(Guest Post By Dr. Richard Cohen)
Normal Testosterone Level – Are Your Numbers Where They Should Be?
Male estrogens (estradiol) are a testosterone by-product that are produced naturally in the body. In small amounts, they help regulate testosterone production and serve to create testosterone as well as promote bone, brain and sexual health.
But when elevated, male estrogens can suppress testosterone levels as well as directly reduce sex drive, promote fat gain and muscle loss, enlarge the prostate and increase the risk of cardiovascular disease.
Unfortunately, this is exactly the set of problems that we are currently facing.
A combination of our lifestyle and dietary choices, stress, use of medications and alcohol coupled with the pervasive amounts of estrogenic pollutants found in plastics and our water supply are the reasons why estradiol levels are climbing in men.
In fact, we now see men with estrogen levels higher than that of many women.
As estrogen rises in men, normal testosterone levels drop and mammary gland tissue begins to grow (creating male breasts).
This problem is so common that male breast reduction is now the fastest growing surgery in America!
And it is this elevated estrogen level which will reduce the T/E ratio and reduce the critical anabolic to catabolic ratio.

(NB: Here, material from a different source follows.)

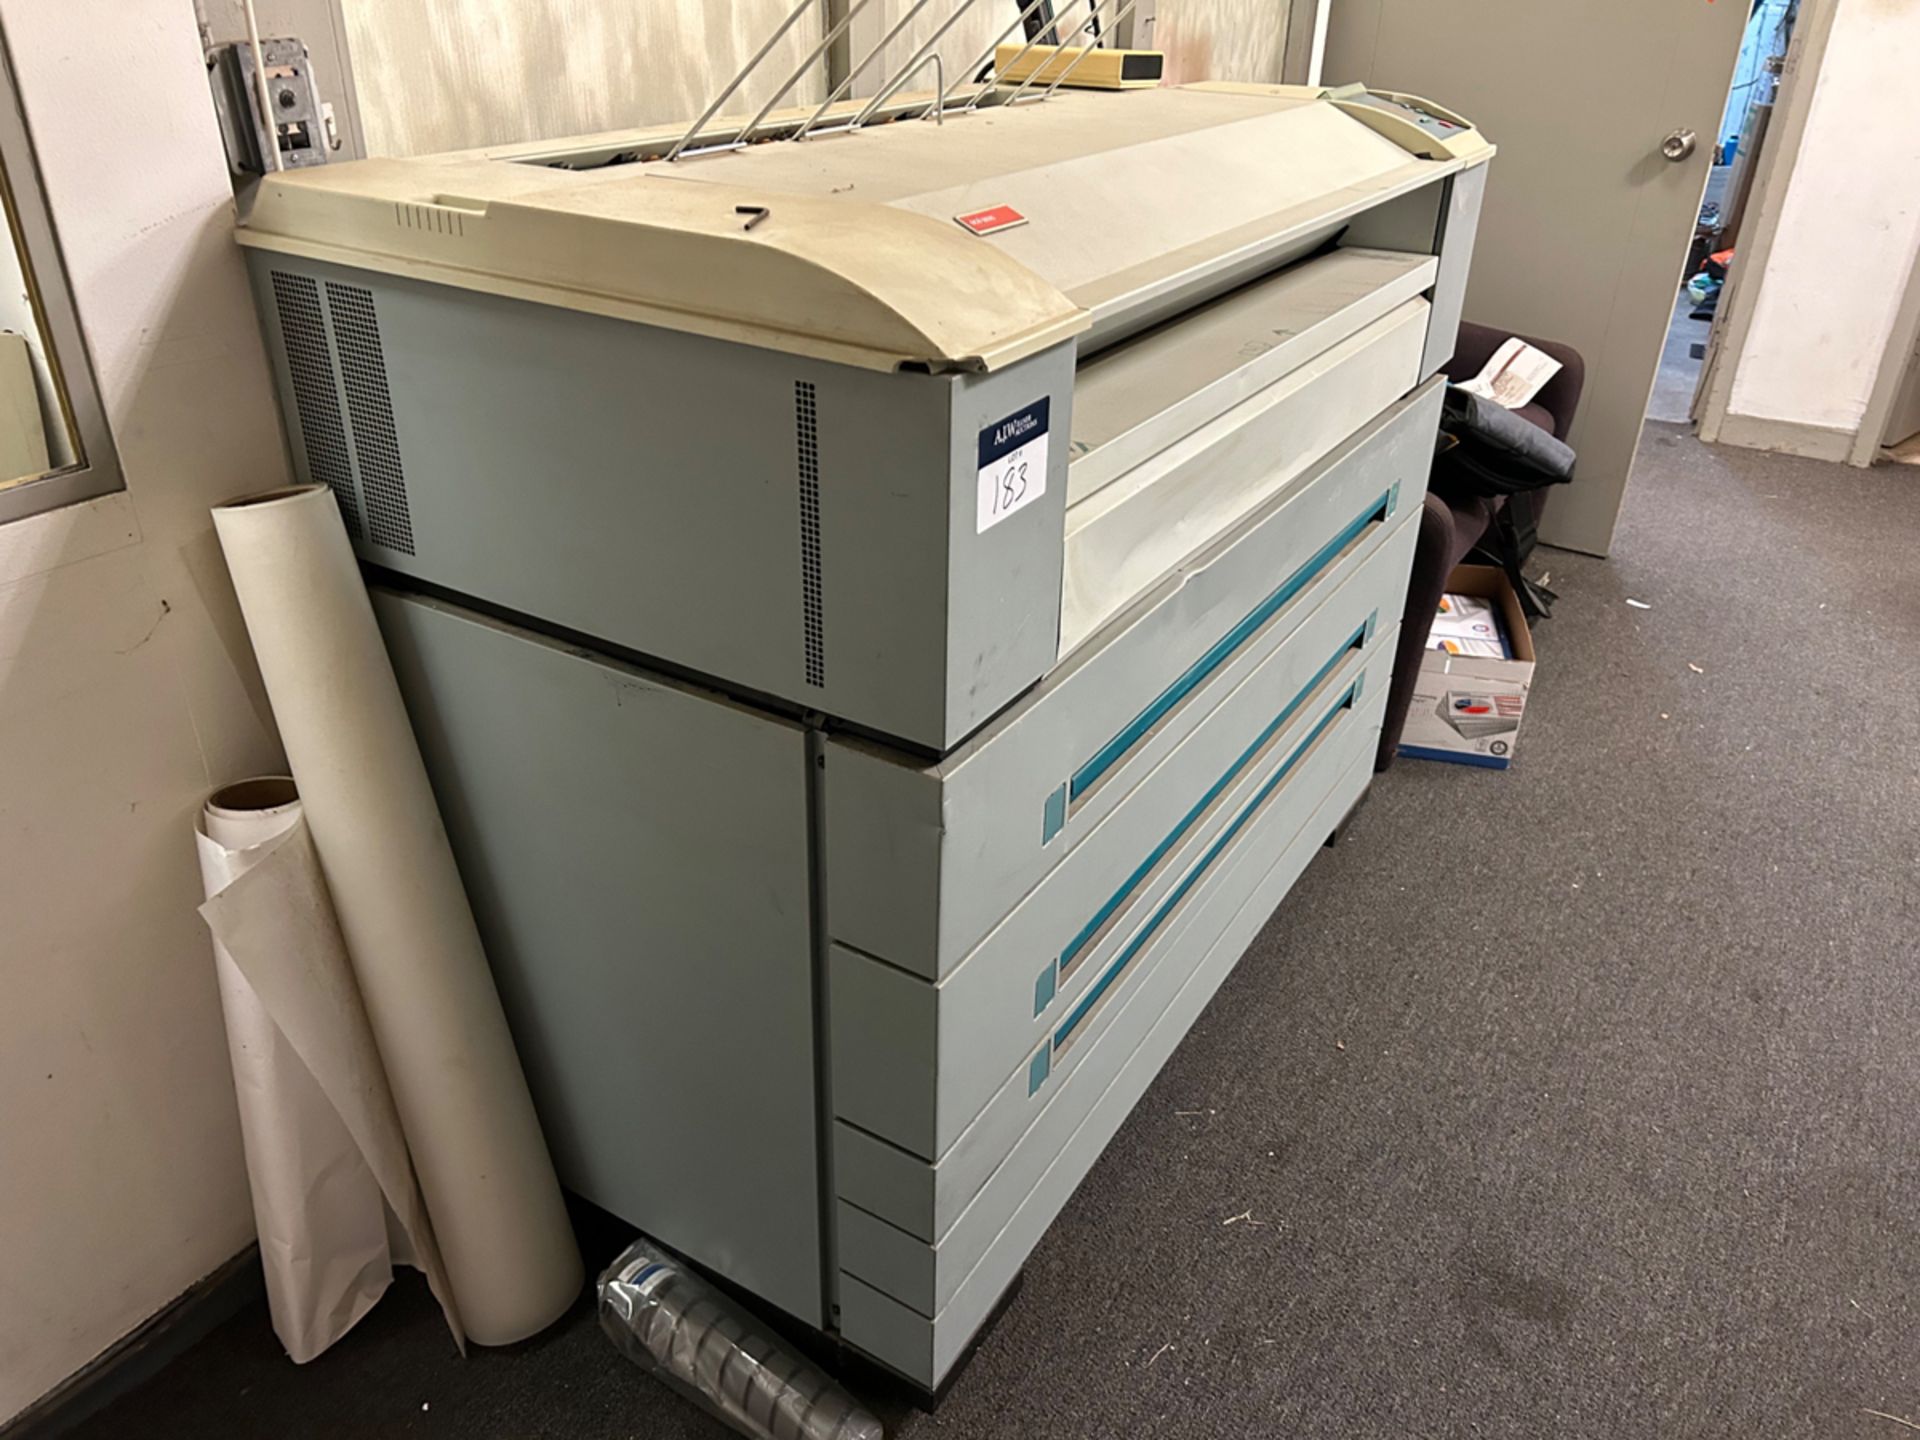 Oce 9600 Commercial Copier/Printer - Image 2 of 5

An ideal testosterone to estradiol level is 40 to 60:1. In assessing thousands of men via saliva testing, we find that less than 10% achieve these critical ratios and over 75% of them are less than 35 years old!

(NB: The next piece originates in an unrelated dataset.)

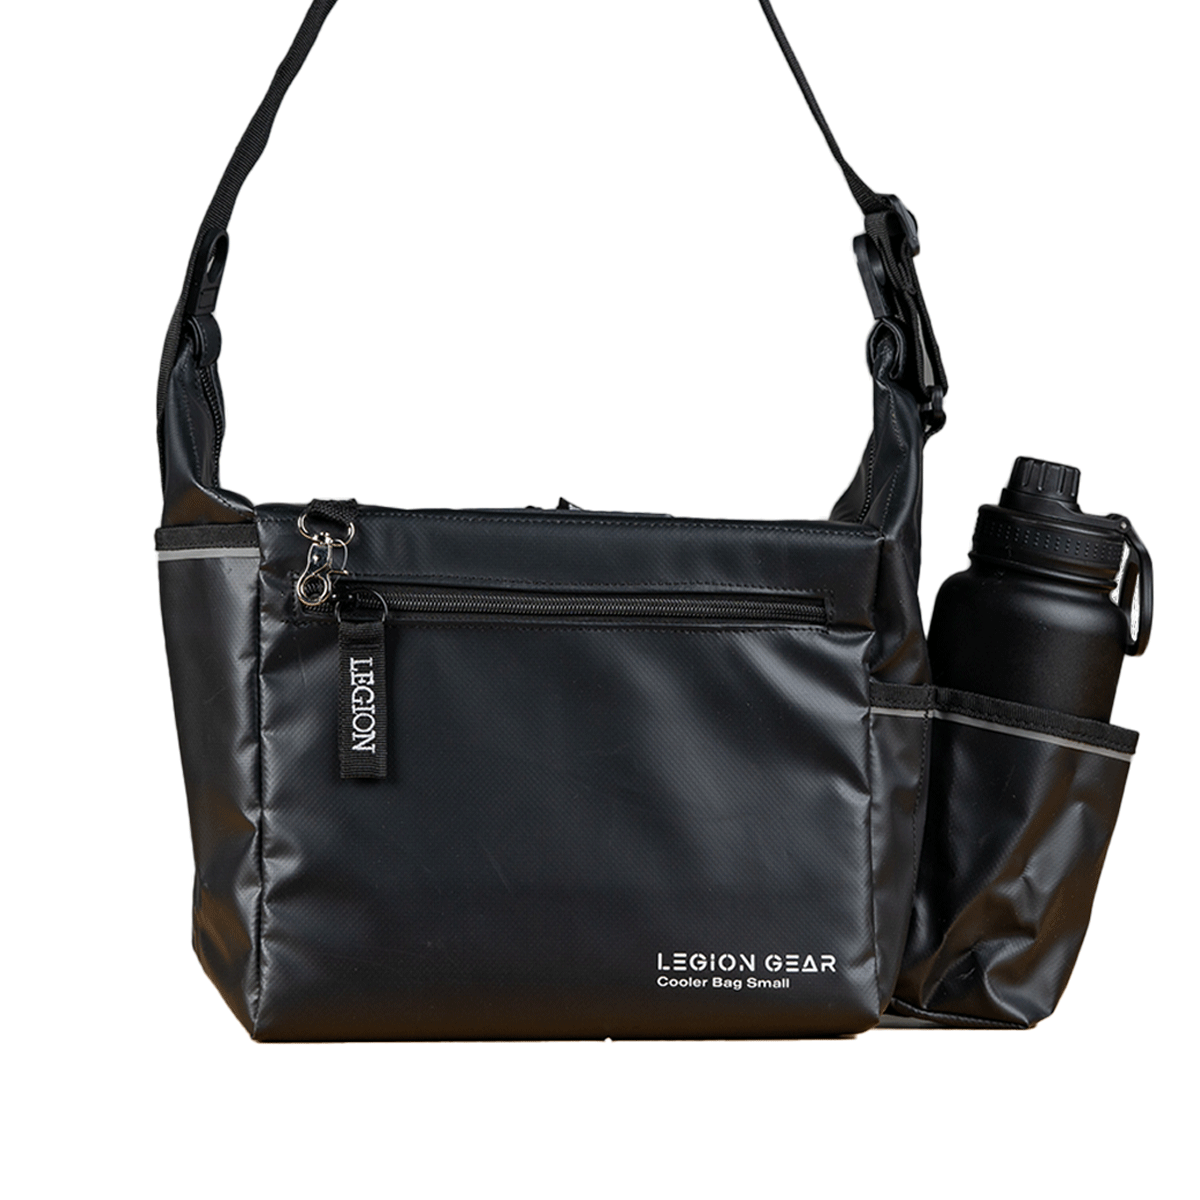 Legion Gear Insulated Cooler Bag Large - Black

Saliva hormone testing is an excellent method to inexpensively test for testosterone levels as well as male estrogen. If testing shows that your male estrogen levels are high and/or you no longer have normal testosterone levels, don’t fret, there are some simple things that you can do.
(1) Lean out! Fat cells, especially in the abdominal region, produce the aromatase enzyme, which converts testosterone into estrogen. Eliminate alcohol, wheat, commercial dairy, caffeine, soy and any sugars especially in sodas, juices and energy drinks and waters. Only use xyltiol or stevia to sweeten.
(2) Reduce or eliminate alcohol consumption to enable your liver to better remove excess estrogens.
(3) Reduce exposure to plastics containing bisphenol A and phtlates found in soft plastics and non-organic skin, hair and other topical lotions. (4) Reduce or eliminate and medications that you are regularly taking that may interfere with your healthy liver function. Common medications include NSAIDs (e.g. ibuprofen, acetaminophen, aspirin), the “statin” class of cholesterol lowering drugs, some heart and blood pressure medications, and some anti-depressants.
(5) Increase the amount of cruciferous vegetables such as broccoli, cauliflower, kale these promote the liver to metabolize and excrete excess estrogen. Consider the use of an herbal anti-estrogen and a whole food concentrate formula.
(6) Optimize vitamin D and essential fatty acid levels. Take 4000 iu of vitamin D and enough fish oil to consumer 2000 mg of EPA/DHA. After 4 months of use, assess your vitamin D and essential fatty acid levels to insure you have achieved optimal levels.
(7) Optimize zinc levels. Zinc functions as an aromatase inhibitor for some men. Get 75 mg a day of zinc picolinate for 3 months. Afterwards switch to a wholefoods based zinc such as Innate Response 2 tablets daily. (8) If after six months, the above protocol does not result in normal testosterone and reduced male estrogen levels, consider a short-term use of the prescription medicine Arimidex (anastrozole), a potent aromatase-inhibiting drug.
Starting at the low dose of 0.5 mg, twice a week increasing to a maximum of 1.0 mg daily four times weekly until levels have returned to normal.
Note: Side effects from this medication is rare.
In conclusion: While testosterone is the ‘master’ male hormone if you have too little or too much estrogen, you will never be able to look and feel your best.